The Snake smiled maliciously. "She's the mastermind behind our scheme. Her plan was quite genius, really: Set up a threat, then come to the rescue in order to build trust."

"But why?" Tedros asked. "Why is she doing all of this?"

The Snake grinned.

"Don't you know?" he said. "You and your princess are her Nemeses."

Then he pulled the black dungeon key from his sleeve. "I wish I could say this was a social call, but I'm here on behalf of my brother. After she had supper with the king tonight, Advisor Sophie was given permission by King Rhian to release one of you." He glanced down the hall and saw the rest of the crew poking their heads out of the cell at the other end, wide eyed and listening. "That's right.
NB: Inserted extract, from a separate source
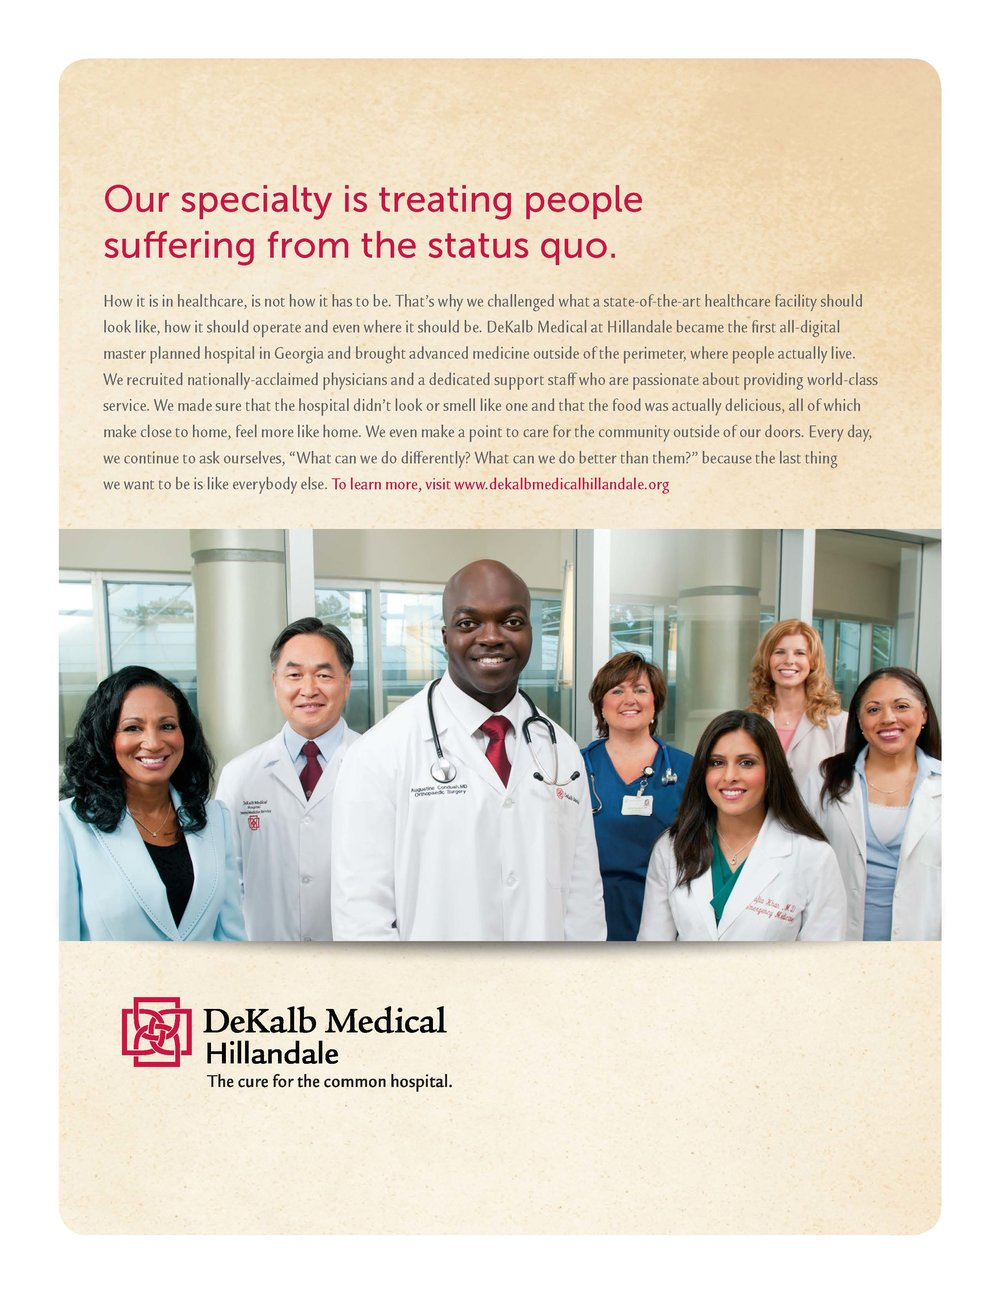 DeKalb-Medical_Hillandale_2 Print Ads_Page_1.jpg

One of you who will no longer live in the dungeons and instead be allowed to work in the castle as the advisor's servant, under King Rhian's eye. One of you whose life will be spared . . ."

The Snake looked back at Tedros. ". . . for now."

Tedros bolted straight as an arrow, all thoughts of Y/n vanishing. "She picked me."

In a flash, all doubts Tedros had about Sophie vanished. He should have never mistrusted her. Sophie didn't want him dead. She didn't want him to suffer. No matter how much they'd hurt each other in the past.

Because Sophie would do anything for Agatha. And Agatha would do anything for Tedros. Which meant Sophie would do anything to save Tedros' life, including finding a way to convince a usurping king to set his enemy free. How had she done it? How had she gotten Rhian on her side? He'd hear the story soon enough.

Tedros grinned at the Snake. "Get moving, scum. Advisor's orders," he said. "Open the door."

The Snake didn't.

"Let me out," Tedros commanded, face reddening.

The Snake stayed still, the prison key glinting between his fingers.

"She picked me!" Tedros snarled, gripping the bars. "Let me out!"

Instead, the Snake just put his face to the prince's . . . and smiled.